I had wondered if Mr. Prowting’s powers of intellect were stouter than they had at first seemed, and was amply satisfied with this answer. “But why should Philmore return, sir — if indeed he was ever within the cottage before?” I enquired reasonably. Mr. Prowting wheeled upon me with a look like thunder. “Is it not obvious, Miss Austen? Because he is drawn to the place where he murdered his friend, Shafto French — because his guilty conscience compels him to return to the gruesome pit in which he left the body!”

Henry’s eyebrows rose. “I agree that the cellar is malodorous and damp, but to call it a—”

“I never killed Shafto!” Philmore burst out. “I were at home in bed when he died, same as my Rosie’ll tell you!”

“Was anything found on this man’s person?” I demanded. Mr. Prowting glared at Morris. “Well, sirrah? Did the ruffian make off with the Austens’ property?”

“No, sir. It were just him, sir, jumping down from the windowsill.”

“You see, Miss Austen? A guilty conscience will prove the answer!”

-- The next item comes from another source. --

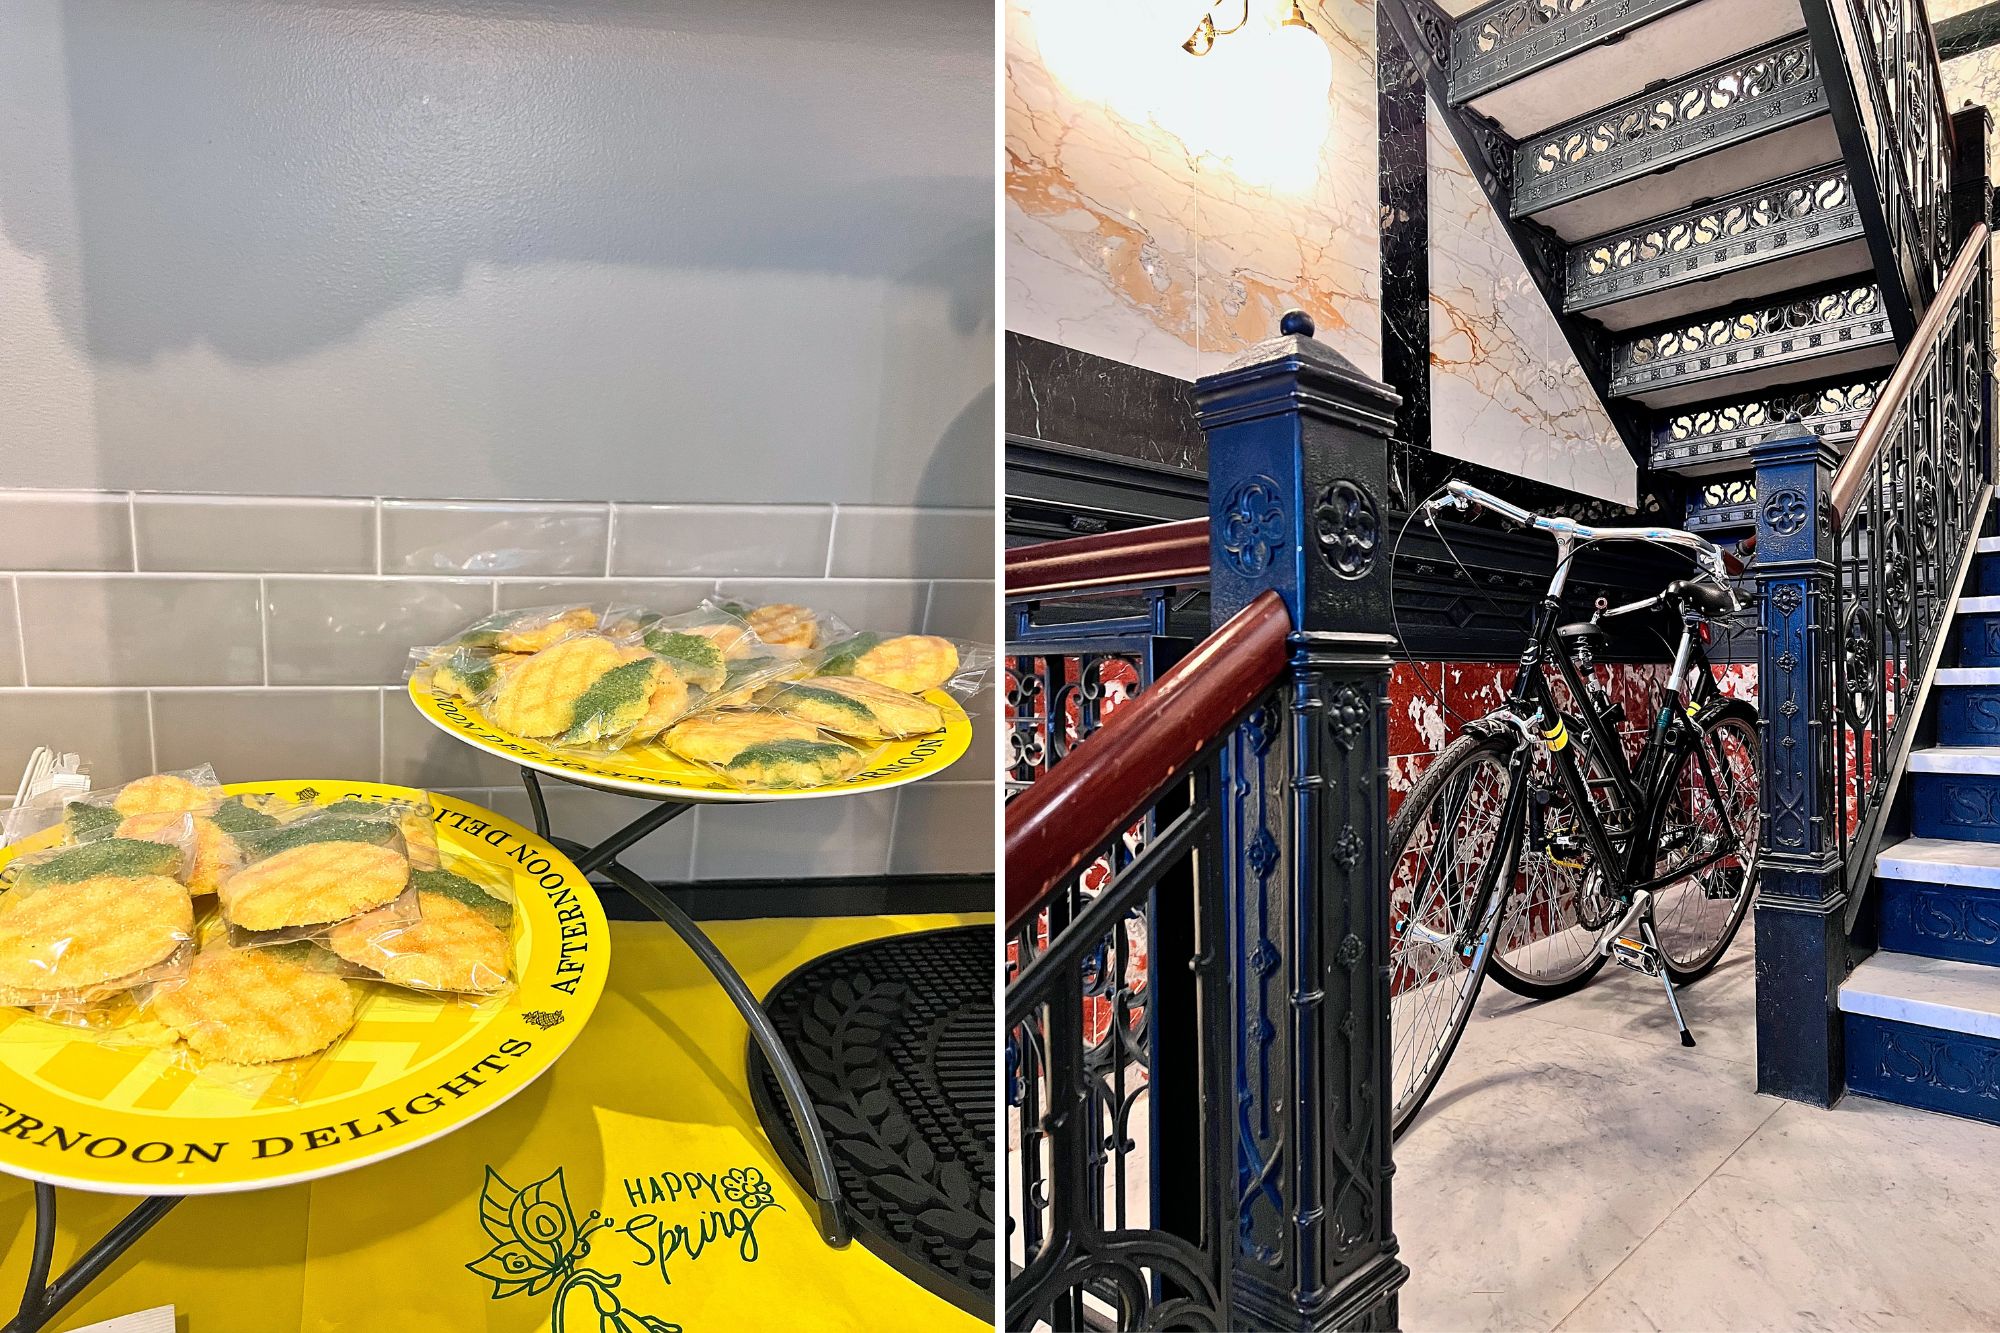 Two photos of amenities at Staypineapple: Pineapple-shaped cookies, and bicycles for borrowing

I studied Philmore’s countenance as he strained against Morris’s grip. Far from appearing terrified at the tendency of the magistrate’s accusations, there was a suspicion of smugness in his looks, an air of having bested all comers. My heart desponding, I took the key to the door from my mother’s hand and made my way past the knot of gawkers. Henry followed. My brother emitted a low whistle as he stepped over the threshold.

The contents of the trunks and wooden boxes we had meant to unpack during the course of the week were everywhere scattered about the room: a few earthenware plates smashed and ground to dust, linens strewn in disorder, books tumbled from the shelves. A quantity of paper had been trampled underfoot, and a bottle of ink spilled over all. A trail of ruin led from kitchen to dining parlour and up the main stairs, and I knew before I reached my bedroom what I should find. The drawers of my dressing table were emptied, the mattress torn from the bedstead, and my clothes thrown in a heap on the floor.